» Problem description:
Beginning with the first line of the data below, set down each line exactly through the line that contains "Figure 6.9. C2-symmetric".

» Input data:
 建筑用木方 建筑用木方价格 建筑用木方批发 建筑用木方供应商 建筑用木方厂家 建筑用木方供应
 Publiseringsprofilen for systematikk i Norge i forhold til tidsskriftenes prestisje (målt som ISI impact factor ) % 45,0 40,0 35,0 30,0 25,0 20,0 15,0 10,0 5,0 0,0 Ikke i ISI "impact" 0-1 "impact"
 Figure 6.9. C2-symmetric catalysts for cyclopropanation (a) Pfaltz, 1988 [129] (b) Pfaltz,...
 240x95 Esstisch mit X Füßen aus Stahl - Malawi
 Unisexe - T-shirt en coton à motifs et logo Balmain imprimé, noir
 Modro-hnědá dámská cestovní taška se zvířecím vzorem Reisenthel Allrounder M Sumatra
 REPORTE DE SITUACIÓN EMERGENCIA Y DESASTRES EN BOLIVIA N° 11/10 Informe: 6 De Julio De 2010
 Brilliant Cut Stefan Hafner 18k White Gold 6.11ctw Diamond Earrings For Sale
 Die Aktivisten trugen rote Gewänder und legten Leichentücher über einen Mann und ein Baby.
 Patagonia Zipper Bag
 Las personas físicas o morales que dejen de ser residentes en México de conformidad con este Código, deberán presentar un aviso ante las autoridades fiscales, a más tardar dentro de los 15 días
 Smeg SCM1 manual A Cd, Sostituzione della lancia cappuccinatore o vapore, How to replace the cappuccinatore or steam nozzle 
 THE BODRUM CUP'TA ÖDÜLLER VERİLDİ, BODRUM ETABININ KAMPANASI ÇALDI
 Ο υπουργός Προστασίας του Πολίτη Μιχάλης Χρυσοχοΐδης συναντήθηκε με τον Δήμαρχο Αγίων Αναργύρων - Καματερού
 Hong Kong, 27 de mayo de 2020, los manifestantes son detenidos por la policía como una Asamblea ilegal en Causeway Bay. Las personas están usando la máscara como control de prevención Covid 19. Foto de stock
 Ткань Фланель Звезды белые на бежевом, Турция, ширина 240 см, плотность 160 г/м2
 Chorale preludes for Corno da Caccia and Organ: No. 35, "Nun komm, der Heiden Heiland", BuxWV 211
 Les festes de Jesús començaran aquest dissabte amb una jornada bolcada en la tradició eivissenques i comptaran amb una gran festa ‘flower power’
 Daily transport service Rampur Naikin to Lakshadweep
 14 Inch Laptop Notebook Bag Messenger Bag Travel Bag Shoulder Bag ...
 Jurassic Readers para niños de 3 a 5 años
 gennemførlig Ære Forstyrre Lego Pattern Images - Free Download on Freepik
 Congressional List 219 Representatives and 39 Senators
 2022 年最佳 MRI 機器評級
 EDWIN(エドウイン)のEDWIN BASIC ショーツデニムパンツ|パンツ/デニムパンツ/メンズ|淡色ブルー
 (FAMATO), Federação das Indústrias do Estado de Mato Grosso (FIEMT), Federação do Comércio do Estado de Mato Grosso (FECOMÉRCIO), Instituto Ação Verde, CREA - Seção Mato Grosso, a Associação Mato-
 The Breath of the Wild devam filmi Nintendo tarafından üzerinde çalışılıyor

» The completed task:
 建筑用木方 建筑用木方价格 建筑用木方批发 建筑用木方供应商 建筑用木方厂家 建筑用木方供应
 Publiseringsprofilen for systematikk i Norge i forhold til tidsskriftenes prestisje (målt som ISI impact factor ) % 45,0 40,0 35,0 30,0 25,0 20,0 15,0 10,0 5,0 0,0 Ikke i ISI "impact" 0-1 "impact"
 Figure 6.9. C2-symmetric catalysts for cyclopropanation (a) Pfaltz, 1988 [129] (b) Pfaltz,...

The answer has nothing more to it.